Congress urged to investigate US military mining Muslim app data
The largest rights group for American Muslims has urged Congress leaders to investigate reports of US military contractors spying on Muslims using religious apps.
Congressional leaders have been urged by the largest American-Muslim rights group to probe US military contractors following reports of them continuing to spy on Muslims using data gathered from religious apps.
The Council on American-Islamic Relations (CAIR) said on Monday it wrote to the US House and Senate committees on judiciary, armed services, and intelligence after WSJ reported that Google banned apps targeting Muslims with data-harvesting software.
The software was developed by a company tied to US national security contractors.
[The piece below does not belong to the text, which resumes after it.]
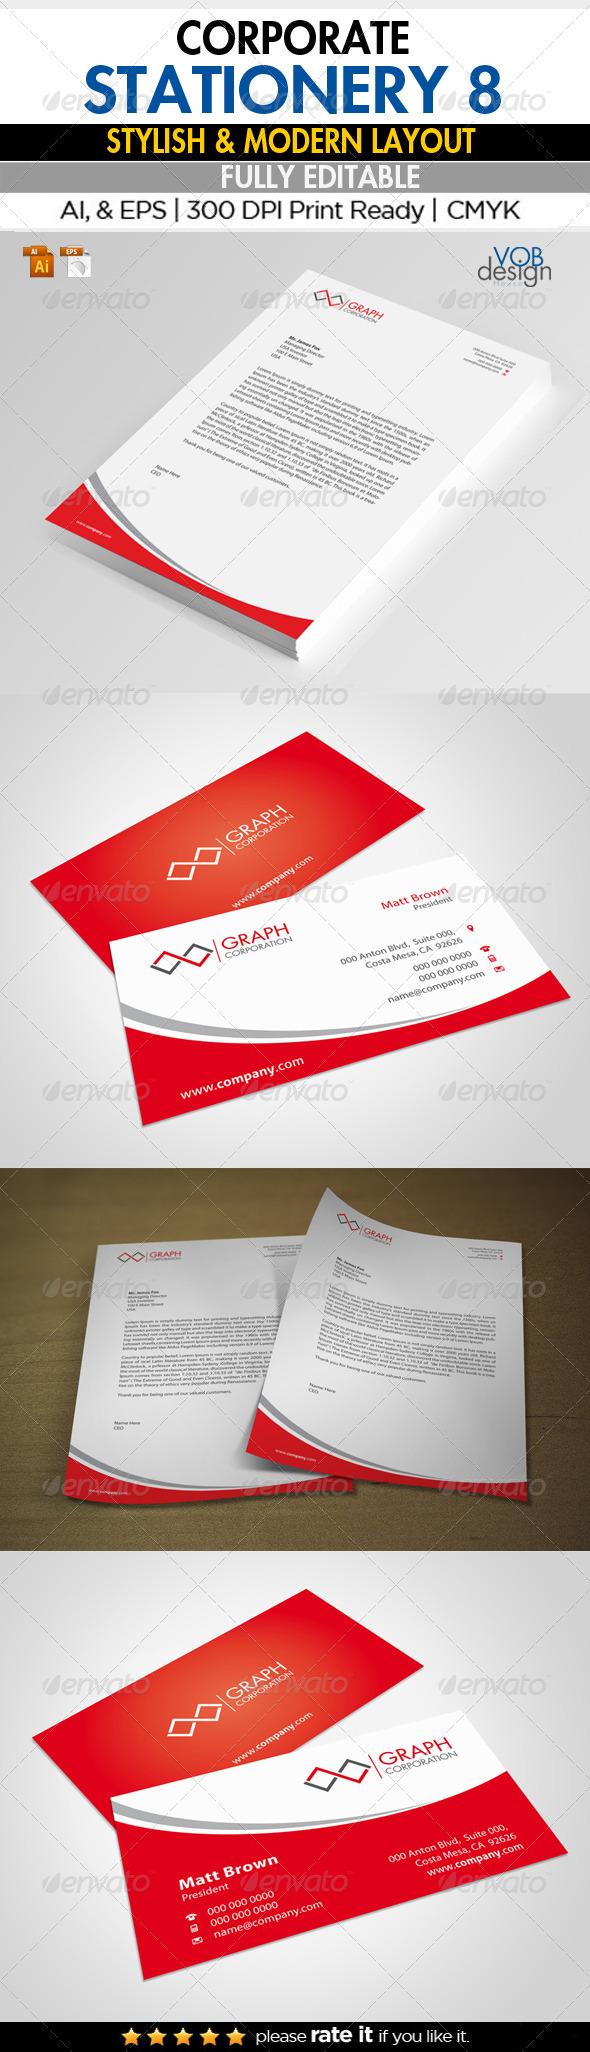 GraphicRiver Corporate Stationery 8 6431188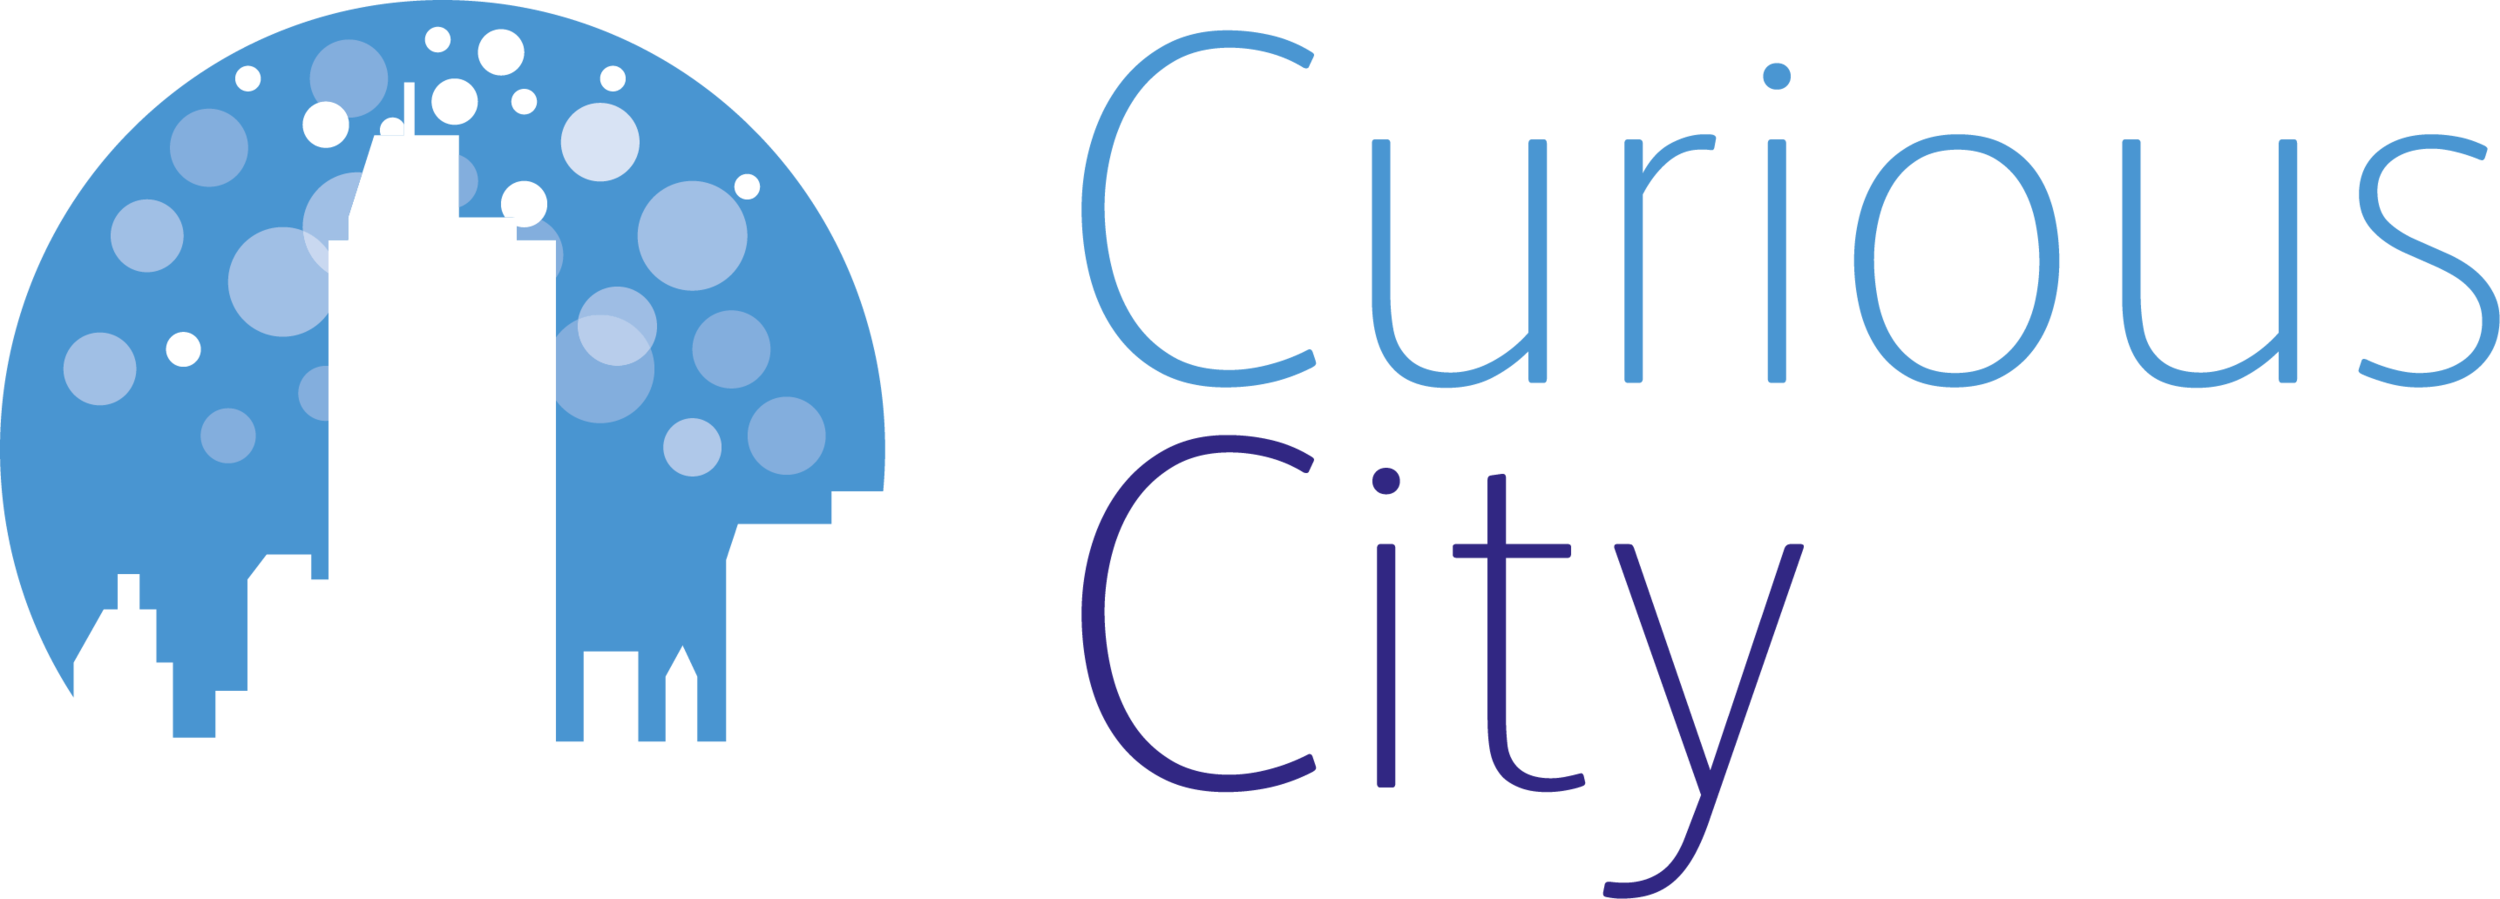 Curious City.png

"CAIR is urging Congress to protect American Muslims, in addition to Muslims overseas, whose Islamic prayer apps and their corresponding cellphone data continue to be spied on by multiple US military contractors - and purchased by the US military," said Robert McCaw, government affairs director at CAIR.
"This ongoing spying on American Muslims' cellphone metadata and Islamic app usage is a direct attack on the First Amendment rights of our community and its consumer privacy."
In its letter to US lawmakers, CAIR said that Muslim Americans have had to endure spying, profiling, and other forms of government discrimination thanks to these apps, and stressed that a full and public congressional investigation is needed to explore this documented case of the US military purchasing the movement and location data of millions of Muslim app users.